I've been sort of down on Chicago street festivals, whether it's Koreanfest or Finnfest you somehow wind up seeing the same pork skewer vendors and insurance company booths at them, but I had a great time earlier this summer at Pierogifest
and so that inspired me to finally take David Hammond's advice
and go to Taste of Melrose Park.Meet famous Italian celebrities at Taste of Melrose Park.
We hooked up with Hammond and his wife Carolyn Berg, surprised that no other LTHers had taken him up on his posted offer, and he led us to several of the best choices— there were some hearty, enormous arancini (rice balls), and I really liked Melrose Park Peppers, apparently an old local specialty but hard to find now, basically Italian sausage and sauteed green pepper in a bun with marinara sauce.
Others, even if I wasn't 100% wild about them, where else are you going to go to a street fest and find artichoke casserole in a styrofoam cup? Try to get that on the north shore. I certainly liked it better than the bread bowl with pasti e fagioli, which threatened to take up way too much valuable stomach space for its fairly ordinary Italian restaurant flavor.
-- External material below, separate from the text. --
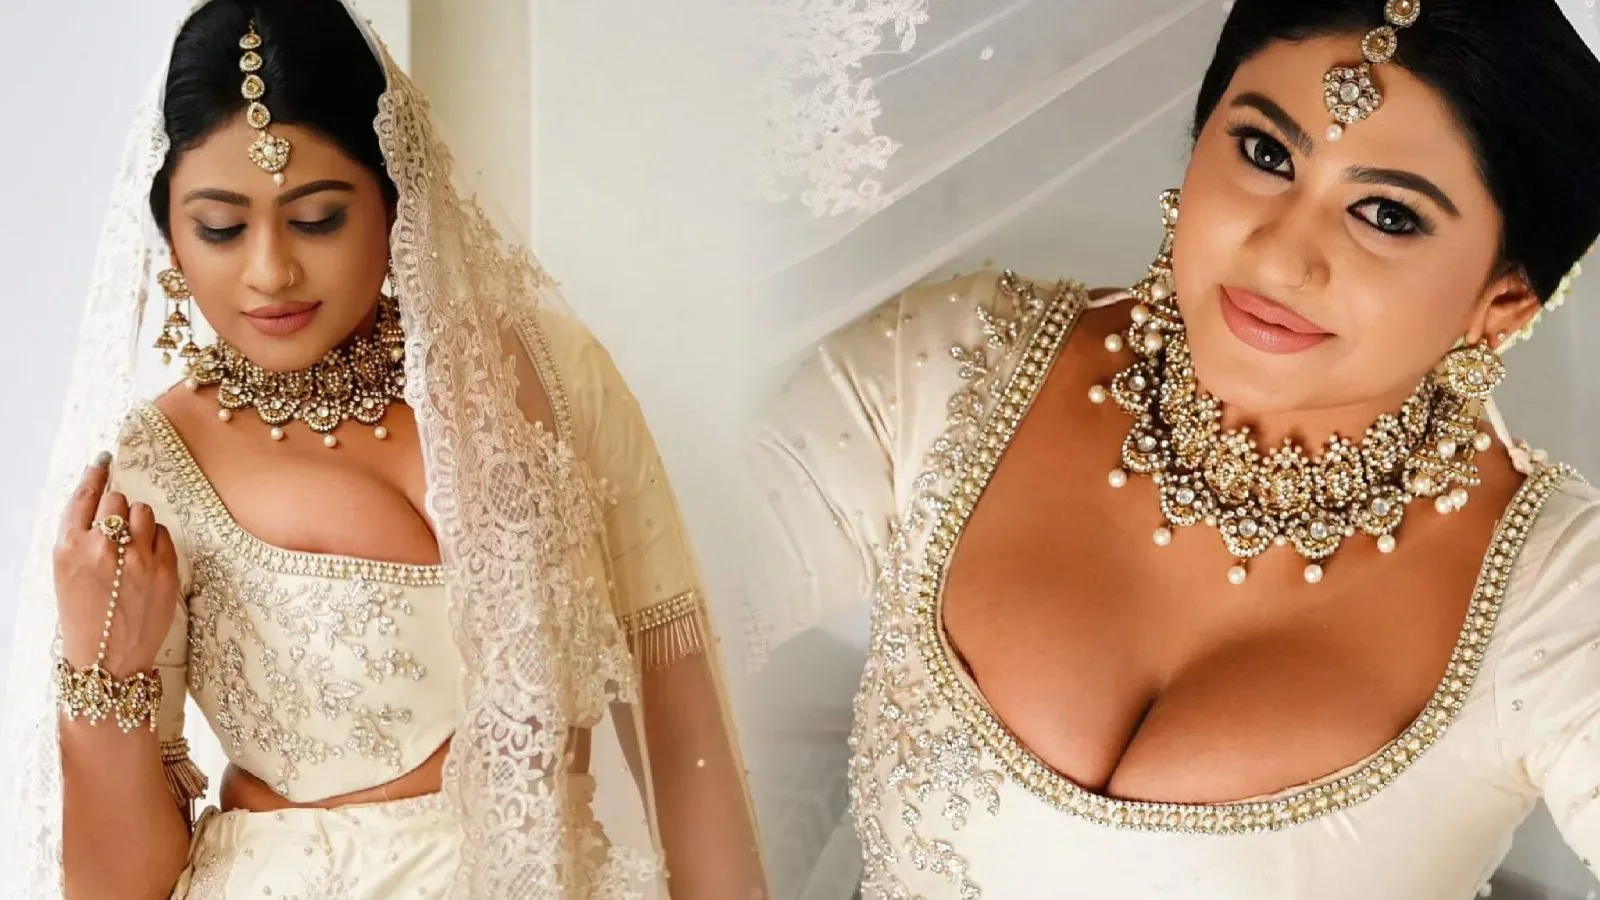 Actress Piumi Hansamali is hot in a white bridal lehenga

Hammond had more of an adventurous palate than myself, he tried both the clams:
and a stand offering, curiously, soul food-style neckbones, which were pretty rank, he couldn't get anybody else to try a bite.
We tried other stuff— one kid nursed a pizza slice for about a half hour until a fried Twinkie came his way— but the two things we were really out to try were the famous sfingi, eggy donuts made by an order of nuns, which had at least an hour's worth of line waiting for the sisters to get each batch out of the fryer:
And the famous fried bologna sandwiches, showcased in Hammond's article linked above. He and I stopped by their stand as the others waited for sfingi and he was embraced as a celebrity for having driven traffic to their booth from as far as Glenview. They also said they wanted to meet his wife (read the article, you'll see why) and so we relayed that news as we took bologna sandwiches back to our line-bound compatriots. I was really surprised how good the bologna sandwich was— the combination of fried, slightly blackened and crispy bologna, mustard and sweet caramelized onion, and white bread was great, like a minimalist Chicago hot dog flattened out.
Once we had our sfingi— likewise wonderful, the egginess making them like something between a donut and French toast—
—we made our way back to the bologna booth and Carolyn was embraced as a long lost sister. In gratitude to Hammond for the article, they invited all of us into the back of their booth for a slice of homemade cheesecake.
As much fun as the fest itself is, as true as it is to the warmly outgoing Italian-American spirit, it quickly became clear that the real fun, the real neighborliness, the real spirit of the fest is in what goes on in the back alleys of the booth rows, where the different stands— mostly amateurs— trade food and recipes and goodnatured jokes back and forth. And that cheesecake! It might not have been the best one I ever had in my life, maybe only in the last 20 years, light and creamy and made with love. I couldn't have been prouder of my younger son when she asked him how he liked it and his eyes rolled back in his head and he just said, "Soooo gooooood." Right answer, Liam, if you want to be invited back next year. Seriously, I don't know how you swing an invitation into the vendors' social lives, but Hammond did so on our behalf, and it was one of the highlights of my summer.